Sa situation a été examinée par l’équipe disciplinaire d’évaluation le 18.04.2024.
Par décision initiale du 07.05.2024, la [7] a rejeté sa demande au motif que son taux d’incapacité, évalué au regard du guide barème pour l’évaluation des déficiences et des incapacités des personnes handicapées, était compris entre 50 et 79 % et qu’elle ne présentait pas de Restriction Substantielle et Durable d’Accès à l’Emploi (RSDAE).
Le 03.07.2024, Madame [U] [L] a saisi la [7] d’un Recours Administratif Préalable Obligatoire (RAPO) en contestation de cette décision.
Le 17.09.2024, la [13] a confirmé sa décision initiale pour les mêmes motifs.
Par requête enregistrée au greffe du Pôle social le 07.11.2024, Madame [U] [L] a saisi le tribunal judiciaire de Clermont-Ferrand et formé un recours contentieux en contestation de cette décision administrative.
Le 20.03.2025, le tribunal a ordonné la réalisation d’une consultation médicale et commis le Docteur [B] [P] pour y procéder.
Dans son rapport du 15.05.2025, ce médecin a conclu à la fixation d’un taux d’incapacité compris entre 50 et 79 % sans restriction substantielle et durable d’accès à l’emploi (RSDAE).
L’affaire a été fixée à l’audience du Pôle social du tribunal judiciaire de Clermont-Ferrand du 07.10.2025.
A l’audience, Madame [U] [L], comparant en personne, maintient son recours et demande au tribunal de lui accorder le bénéfice de l’AAH.
Elle explique qu’elle a tenu un hôtel restaurant pendant 25 ans et a vendu en 2023 car elle ne se sentait plus en capacité physique de continuer ; son mari a alors pris sa retraite.
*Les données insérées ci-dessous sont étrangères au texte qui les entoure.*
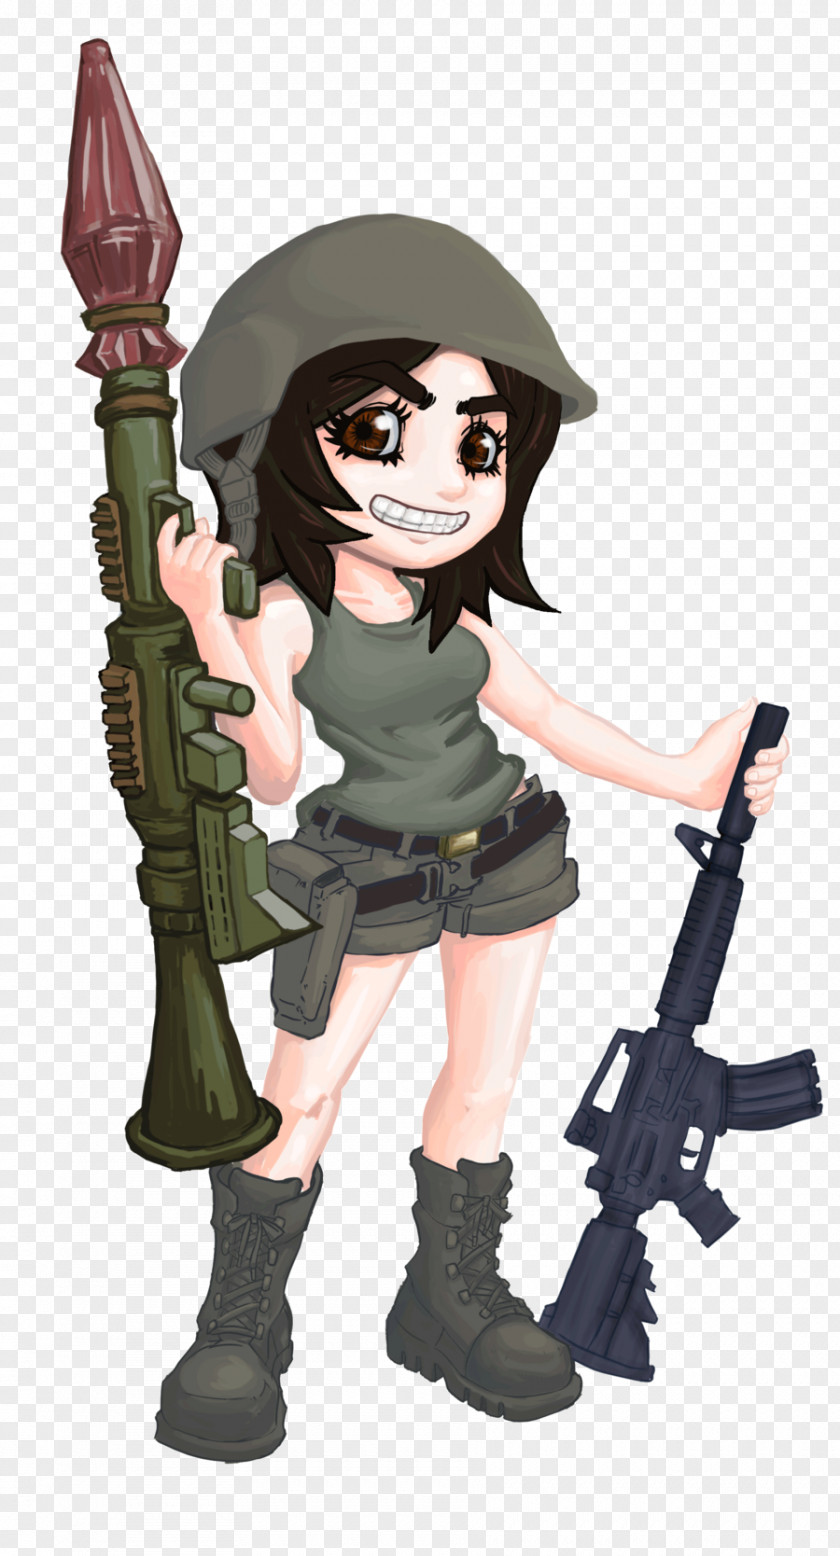 Frog Armed Soldier Infantry Mercenary Cartoon PNG

Malgré une formation en comptabilité, elle n’a pas cherché d’emploi depuis la vente de son fonds de commerce, estimant être dans l’incapacité de reprendre une activité en restauration, et ne plus avoir le niveau pour exercer dans le domaine comptable.
Agée de 60 ans, elle reconnait ne pas avoir de pathologie clairement identifiée mais avoir « toujours mal quelque part ».
Elle dit ne percevoir pour l’heure aucun revenu et vivre de la retraite de son ami qui s’élève à 1000 € par mois ; elle devrait percevoir environ 450 euros de retraite dans 3 ans, ayant cotisé 144 trimestres.
Elle confirme être inscrite à [11], bénéficier de la [17] mais n’avoir jamais eu de rendez-vous avec [6]. Elle n’envisage pas de reprendre une activité professionnelle, et n’a fait aucune démarche en ce sens, convaincue qu’elle « ne tiendrait pas plus d’une semaine ».
En défense, la [14], dispensée de comparaître, a communiqué ses conclusions le 16.09.2025 en vue de l’audience.
Il est demandé au tribunal de bien vouloir rejeter les demandes de Madame [U] [L] comme non fondées en ce que son taux d’incapacité doit être évalué entre 50 et 79 % sans RSDAE, et dire en conséquence qu’elle ne peut pas percevoir l’AHH ; de dire que la [13] n’aura pas à supporter les dépens et ne sera pas condamnée au titre de 1'article 700 du code de procédure civile.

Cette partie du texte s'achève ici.